While in Beaten, Seared, and Sauced Dixon mentions the impact of his course work and externing at Tabla from his point of view, Alyssa Shelasky’s Apron Anxiety gives the perspective of what it is like being the partner of a chef.  I overlapped reading the two books and it was interesting to compare their two perspectives.  In this case the chef in question is Spike Mendelsohn, who competed in the fourth season of Top Chef; in the book she refers to him, however, as simply “chef.”  Shelasky did not start out as a foodie, but is drawn in to the world by “chef.”  The book has a chicklit memoir feel and at first I was off put slightly by Shelasky’s overly privileged party girl persona, but her humor and her spunk won me over in the end.  The book chronicles how it is possible to go from melting a plastic coffee pot on the stove while trying to boil water for cocoa and thinking taleggio is a European DJ, to throwing a fabulous dinner party for friends and family.  Although her love affair with “chef” ends, her love affair with food seems to have only just begun.  Recipes that reflect each chapter’s exploits are included.

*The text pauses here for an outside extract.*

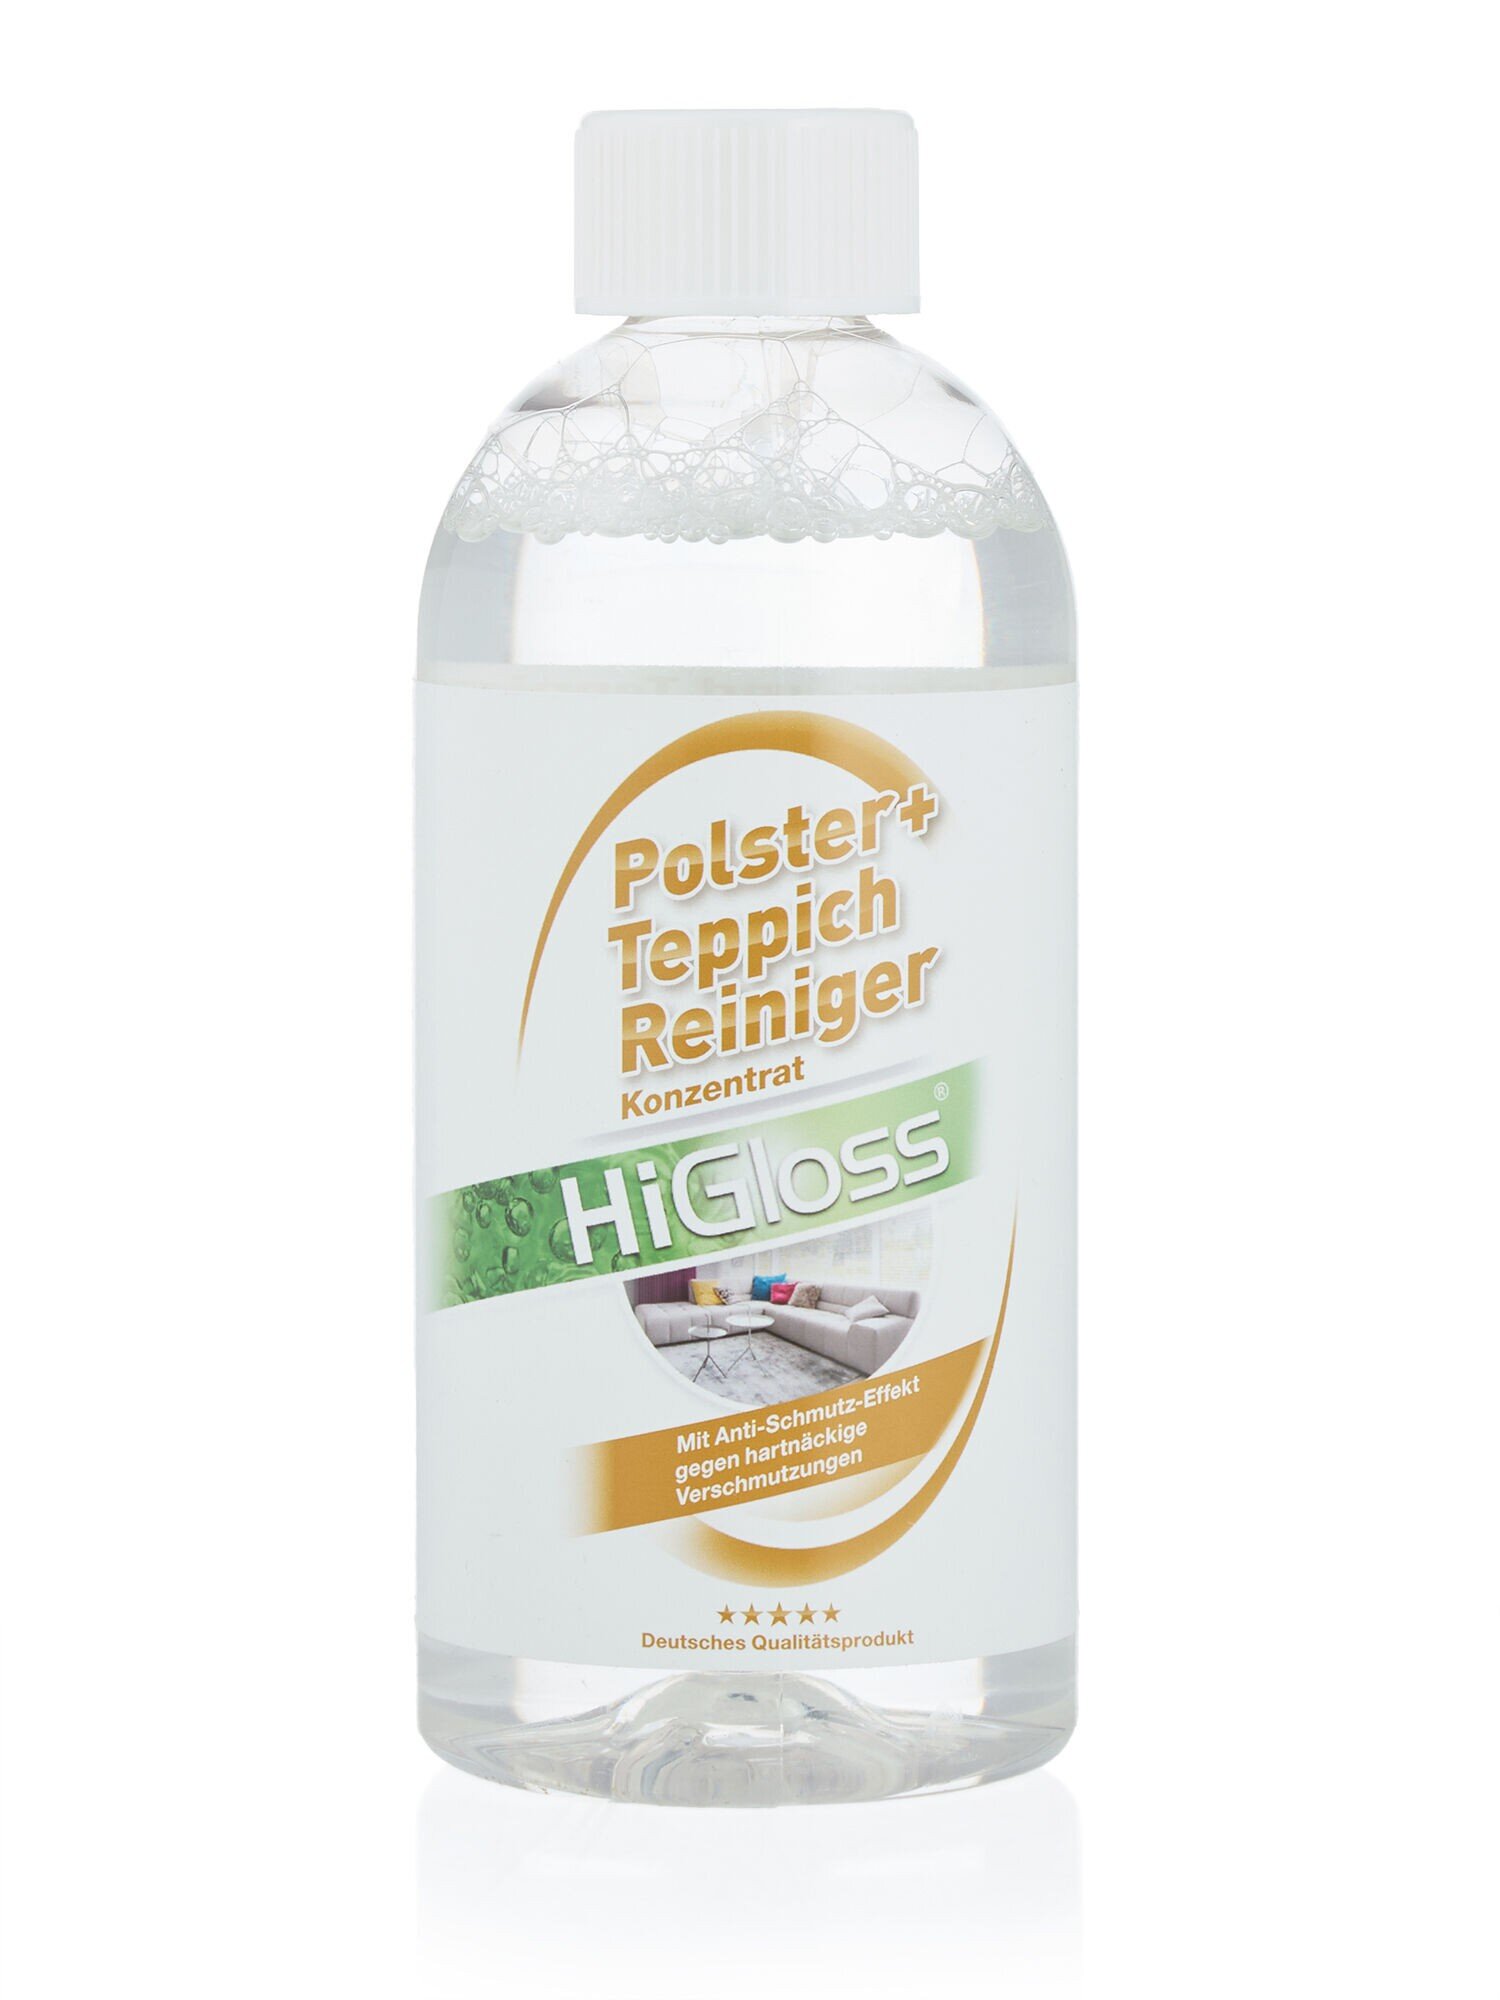 Polster- und Teppichreiniger Set, 5-teilig - Produkte - HiGloss - Marken

Kitchen Confidential (the series)kitchenconfidential

For those who enjoy the humorous side of life in the kitchen, Kitchen Confidential is a 2005 television series loosely based on Anthony Bourdain’s book of the same name.  Although some characters and situations will be familiar to fans of the book such as an overly obsessed bread baker, the show diverges from the source material and adds a great deal of absurd humor and exists in a heightened reality only found in dramadies.   The show was produced by Sex and the City creator, Darren Star which it reminded me of, though in this case replacing the female friendship with male workplace bonding and with more “PG-13” content reflecting its broadcast TV origin.  Bradley Cooper, of Hangover fame, stars as Jack Bourdain, who has renounced his former hard partying ways and sees a chance to finally get back to helming an upscale restaurant.  The cast includes Nicholas Brendon (from Buffy the Vampire Slayer) as a pastry chef, John Francis Daley (currently on Bones) as a constantly hazed newbie, Jaime King (currently on Heart of Dixie) as a ditzy waitress, and Owain Yeoman (currently on the Mentalist) as bad boy sous chef.  Unfortunately despite the winning cast, in part due to scheduling issues, the show only lasted four episodes on TV in the US, but all thirteen are available as a DVD set, which can be borrowed from BCCLS libraries.